Laparoscopic ovarian diathermy vs clomiphene citrate plus metformin as second-line strategy for infertile anovulatory patients with polycystic ovary syndrome: a randomized controlled trial




Objective


The purpose of this study was to compare the effectiveness of laparoscopic ovarian diathermy (LOD) vs clomiphene citrate (CC) plus metformin in infertile patients with CC-resistant polycystic ovary syndrome (PCOS).


Study Design


Fifty primary infertile patients with CC-resistant PCOS were assigned randomly to receive LOD followed by a 6-month observation (group A) or 6-cycle course of CC plus metformin (group B). Reproductive and safety outcomes were analyzed.


Results


No significant difference between 2 groups in pregnancy (15/92 women [16.3%] vs 14/107 women [13.1%]; P = .521) and live-birth (13/92 women [14.1%] vs 12/107 women [11.2%]; P = .536) rates per cycle was observed. With the use of a Cox regression analysis, patients under medical treatment, compared with patients who received surgical treatment, had a relative risk of pregnancy of 1.2 (95% confidence interval, 0.61–2.44; P = .582) and a relative risk of live-birth of 1.4 (95% confidence interval, 0.63–2.96; P = .425).


Conclusion


LOD and CC plus metformin seem to be 2 effective approaches to treat infertility in patients with CC-resistant PCOS.

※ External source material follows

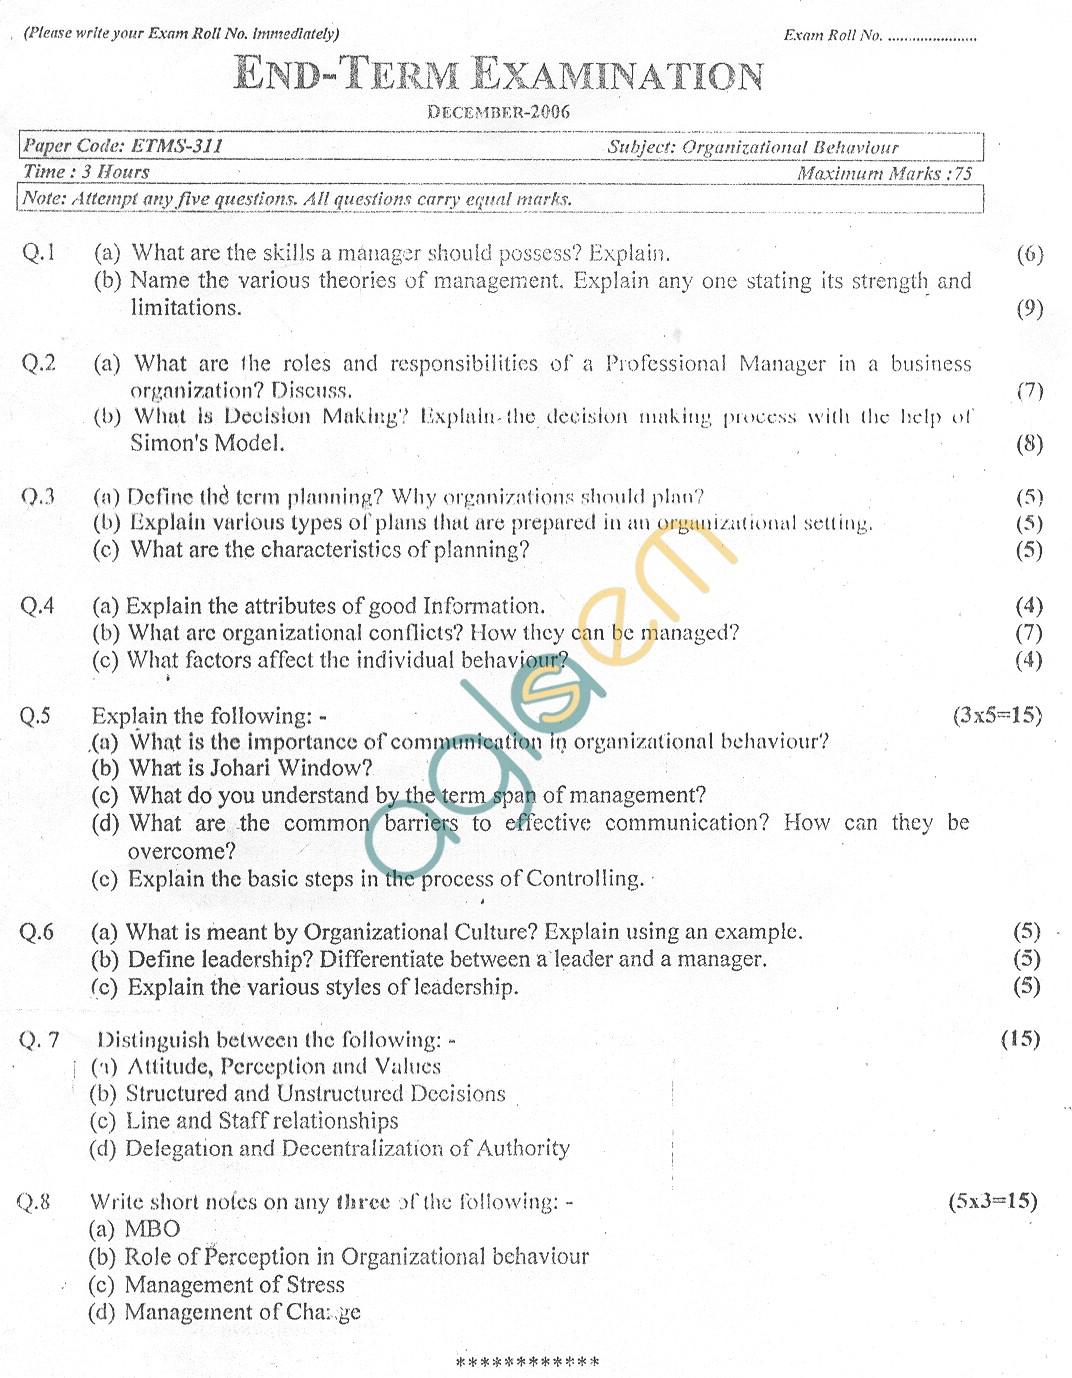 GGSIPU Question Papers Fifth Semester  end Term 2006  ETMS-311

Laparoscopic ovarian diathermy (LOD) has been proposed as a first-, second-, and third-line option in anovulatory women with polycystic ovary syndrome (PCOS). To date, clinical evidences confirmed the efficacy of LOD as second-line treatment in patients with clomiphene citrate (CC)-resistant PCOS. In fact, LOD is comparable with gonadotropins in terms of ongoing pregnancies, miscarriages, and live births with few side-effects, no need of ongoing monitoring, lower risk of multiple pregnancies, and lower costs.


On the other hand, several data have been published recently regarding the use of CC, which was the first agent to be used for ovulation induction, and metformin, which is a drug with insulin-sensitizing action that is used widely for the treatment of type-2 diabetes mellitus, in the treatment of anovulatory patients who are affected by PCOS.


Even if it is still unclear which is the best first-line drugs, some data suggest the efficacy of CC plus metformin combination as second-line strategy in the treatment of anovulatory infertility in patients with PCOS with known resistance to CC. In this regard, in a recent metaanalysis, the authors concluded that the combination of CC plus metformin was the preferred treatment option before starting with LOD or follicle-stimulating hormone. Furthermore, this statement was not based on the direct comparison between LOD and CC plus metformin combination, but only on the interpretation of previous data that showed the high efficacy of metformin vs LOD and of CC plus metformin vs metformin. Previous data seemed to suggest a theoretic superiority of LOD over CC plus metformin in the treatment of anovulatory infertility in CC-resistant women with PCOS, given a clinical pregnancy rate of approximately 60% vs approximately 40%, respectively. Thus, a direct comparison between surgical and medical strategy, which is not available presently in literature, is needed.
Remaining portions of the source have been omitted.